I get the Nick Cave devotion now. I mean, as a concept I’ve always thought Cave was cool, but his records never moved me all that deeply and the film he wrote (The Proposition) had probably affected me more than any song he’d ever sung. Seeing Cave live, though, is a far different experience. It’s like a Springsteen rock ‘n’ roll communion, except for sort of people who own complete Leonard Cohen poetry collections. Live, Cave’s an intuitive, showy, sleazy, Vegas-y, hearty and genuine showman who’s personal connection to his audience is amazing to behold. Also, the bold noise The Bad Seeds make feels like they’re subverting the whole idea of “arena” rock, which is delicious in its way.
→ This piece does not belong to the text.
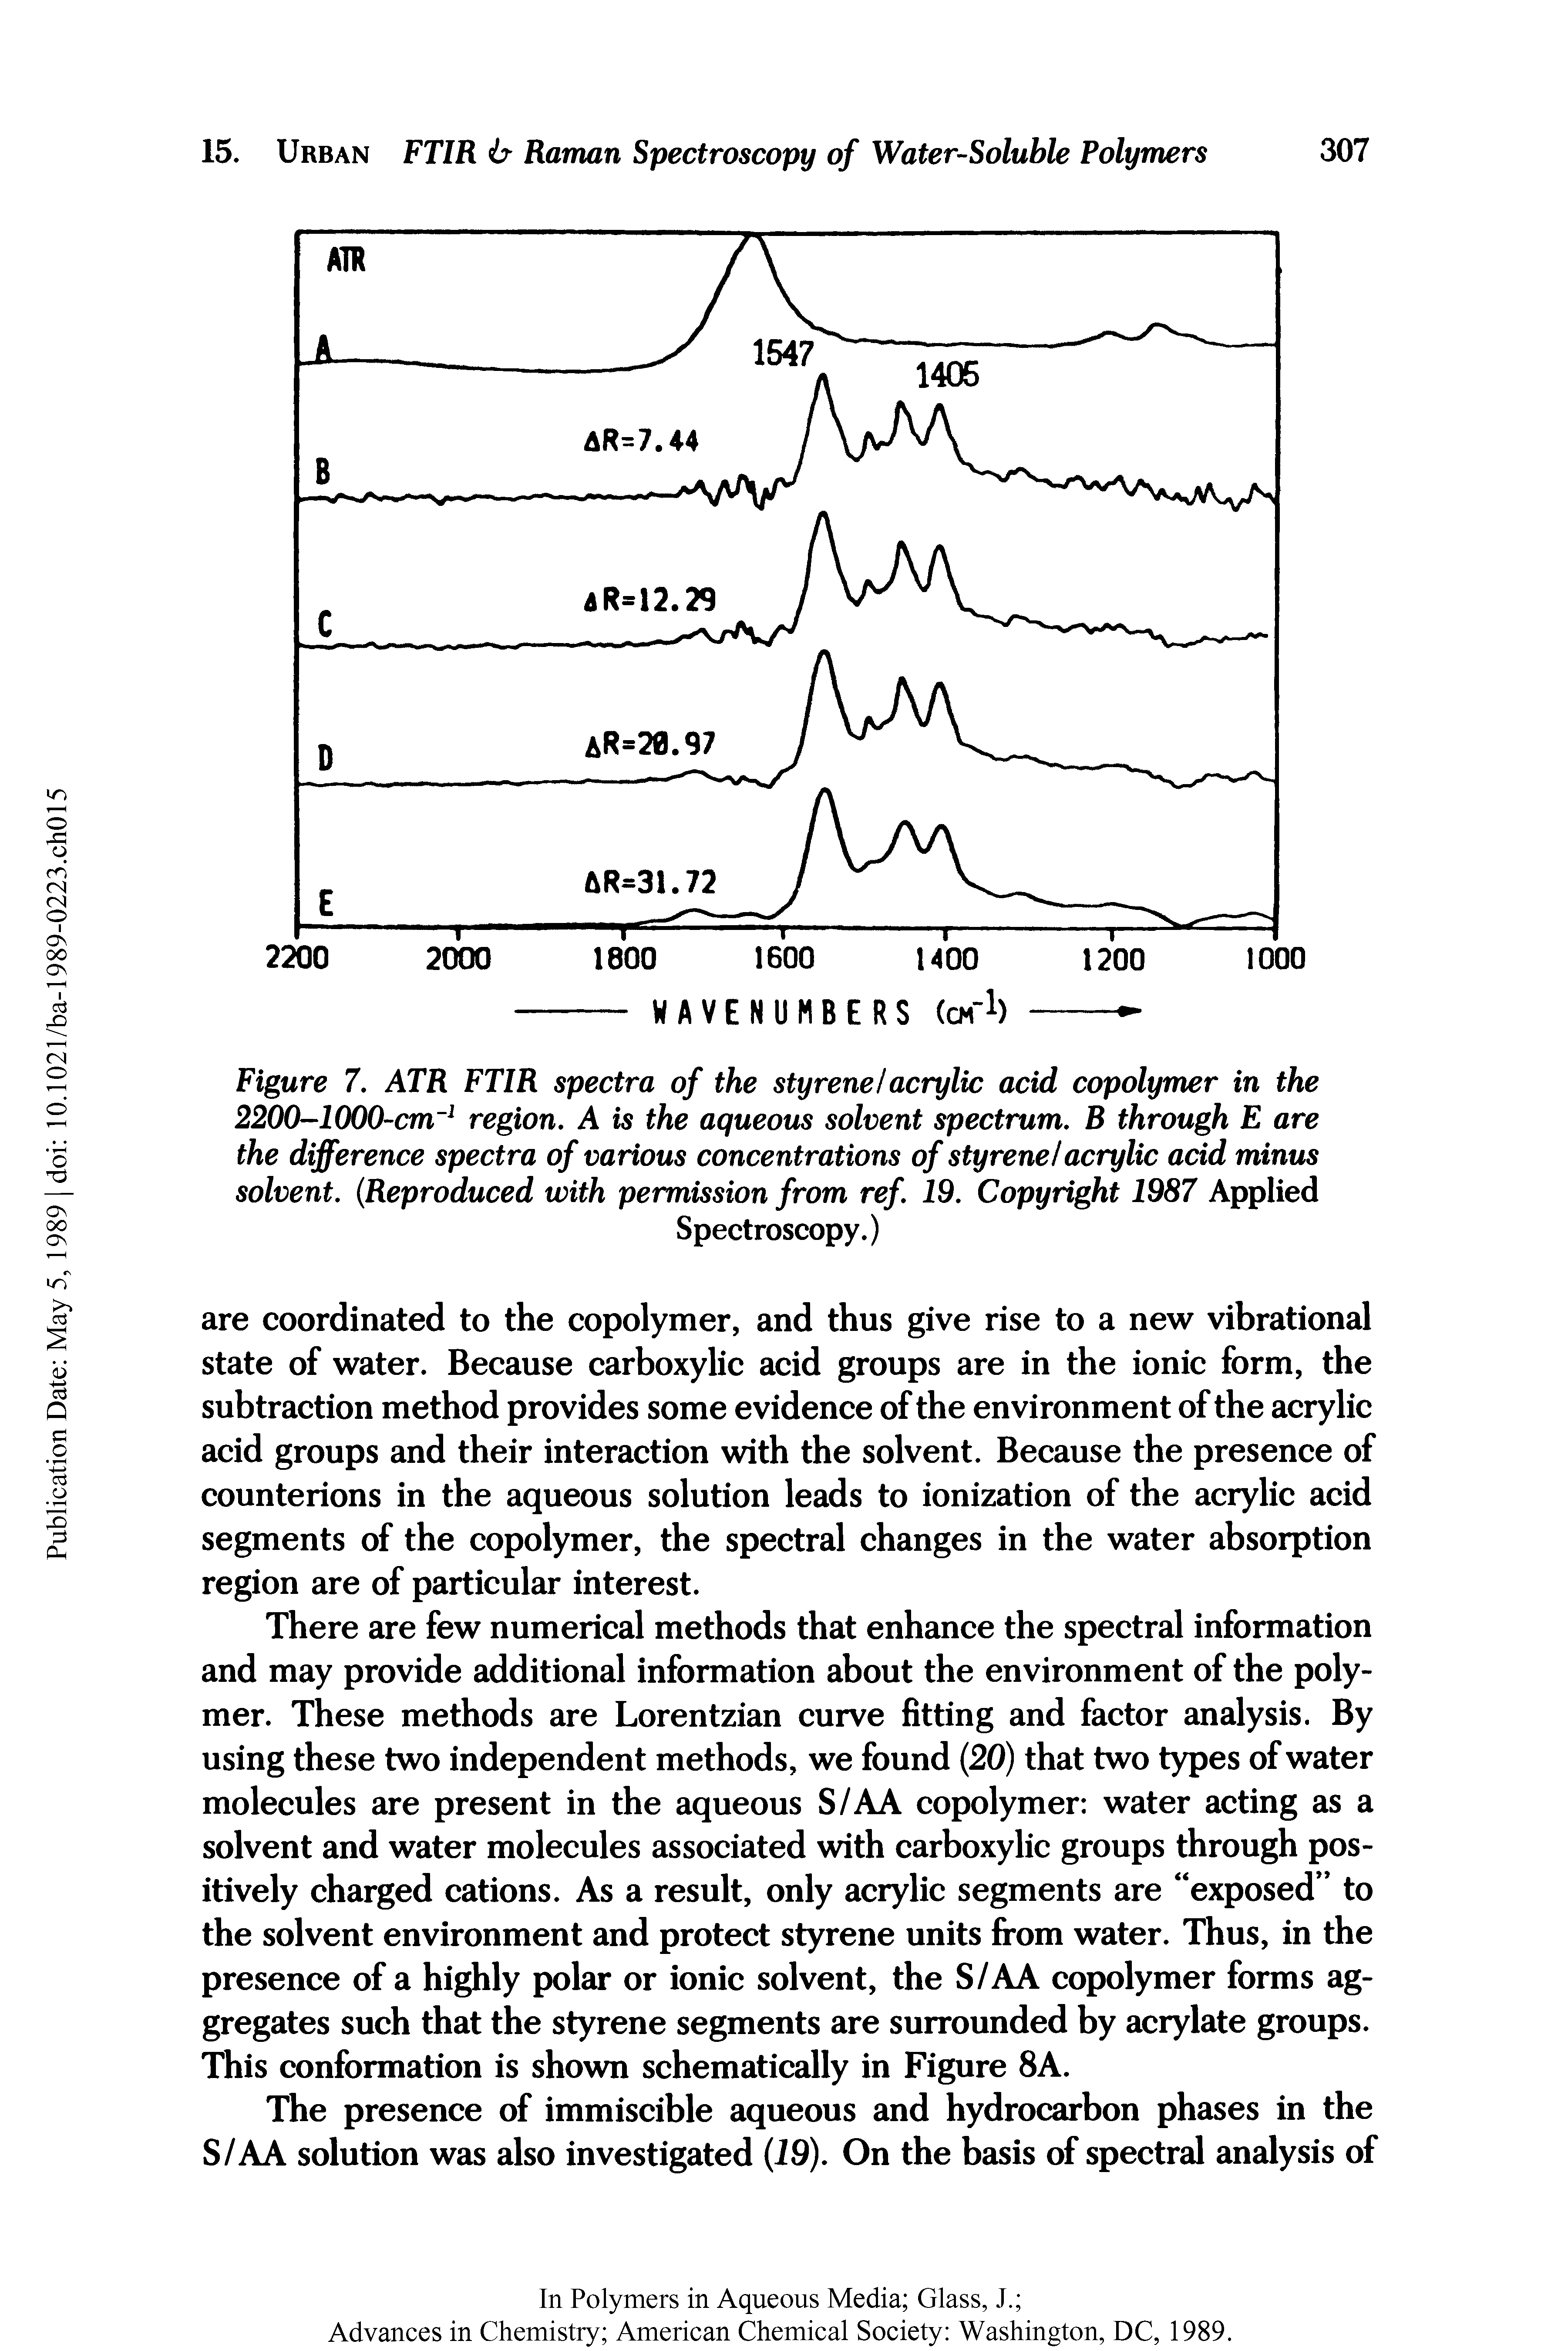 Figure 7. ATR FTIR spectra of the styrene acrylic acid copolymer in the 2200-1000-cm region. A is the aqueous solvent spectrum. B through E are the difference spectra of various concentrations of styrene acrylic acid minus solvent. Reproduced with permission from ref. 19. Copyright 1987 Applied...

6) Destroyer @ Phoenix Concert Theatre, January 22, 2018 (#103 on the list)

I wasn’t sure what to expect from this show, but I was very pleasantly surprised by what it was — an eight-piece jazz/prog/lounge art freakout that featured Dan Bejar flanked by a saxophonist and trumpeter who took turns adding their own wig outs throughout the set. The set list was mainly the new album ken and Kaputt so I was pretty keen because those are the two best Destroyer albums. It was all around a totally rewarding night.

5) Frank Turner @ Phoenix Concert Theatre, September 20, 2018 (unrated)

There are a lot of acts out there trying to pull off the Springsteen working man rock thing. Unfortunately, most of them only rate as photocopies of photocopies of The Boss. Turner’s not like that. He’s got his own rock-punk posi-gospel thing going down and, paradoxically, because of that Turner’s show is probably the closest to a Springsteen-like musical sermon I’ve seen from the younger generation.

4) The Pursuit of Happiness @ Supermarket, October 4, 2018 (unrated)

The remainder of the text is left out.